Deel 1 | Deel 2 | Deel 3: When You’re Strange | Deel 4 | Deel 5

Voice-over Johnny Depp vertelt het verhaal van The Doors, dat begint in 1965, in een als oefenruimte ingericht strandhuis in Santa Monica. De geboorte van een band waarvan de gitarist pas een half jaar elektrische gitaar speelt, de drummer een fanatiek jazzadept is, de toetsenist met de linkerhand baslijnen op zijn keyboard speelt en de zanger nog nooit gezongen heeft.

Archiefbeelden

~

Voor Tom DiCillo, regisseur en scenarist, moet het maken van deze film de vervulling van een jongensdroom zijn geweest: hij had de beschikking over vele uren filmmateriaal uit de archieven van de band, en met name van frontman Jim Morrison.

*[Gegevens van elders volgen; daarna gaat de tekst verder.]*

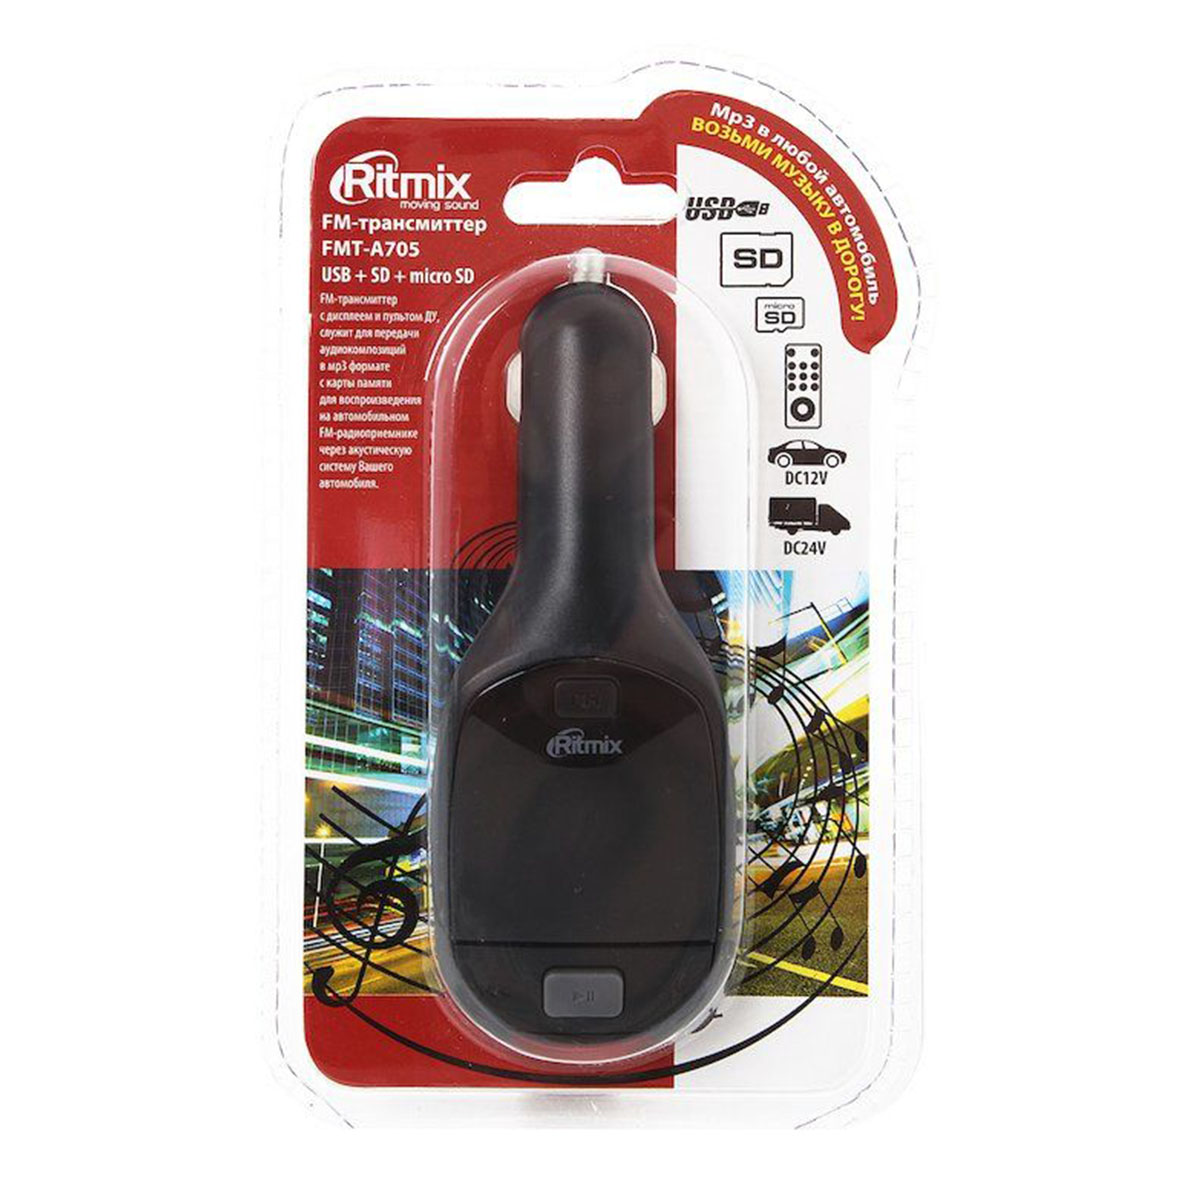 FM-трансмиттер RITMIX FMT-A720, поддержка microSD, SD, и USB-накопителей..

Diens interesse voor film – hij had gestudeerd aan de filmacademie van UCLA – heeft in hoge mate bijgedragen aan de cinematografische nalatenschap van The Doors. Aan de door de band geproduceerde concertfilm Feast of Friends (1969) is veel beeldmateriaal ontleend, waarvan de chaotische concertscènes het meest  beklijven. Een kordon politieagenten aan de rand van de bühne om het publiek in toom te houden, fans die het podium bestormen, wiebelige beelden afkomstig van de cameraman die met zijn handheld camera een veilig heenkomen zoekt naast het drumstel.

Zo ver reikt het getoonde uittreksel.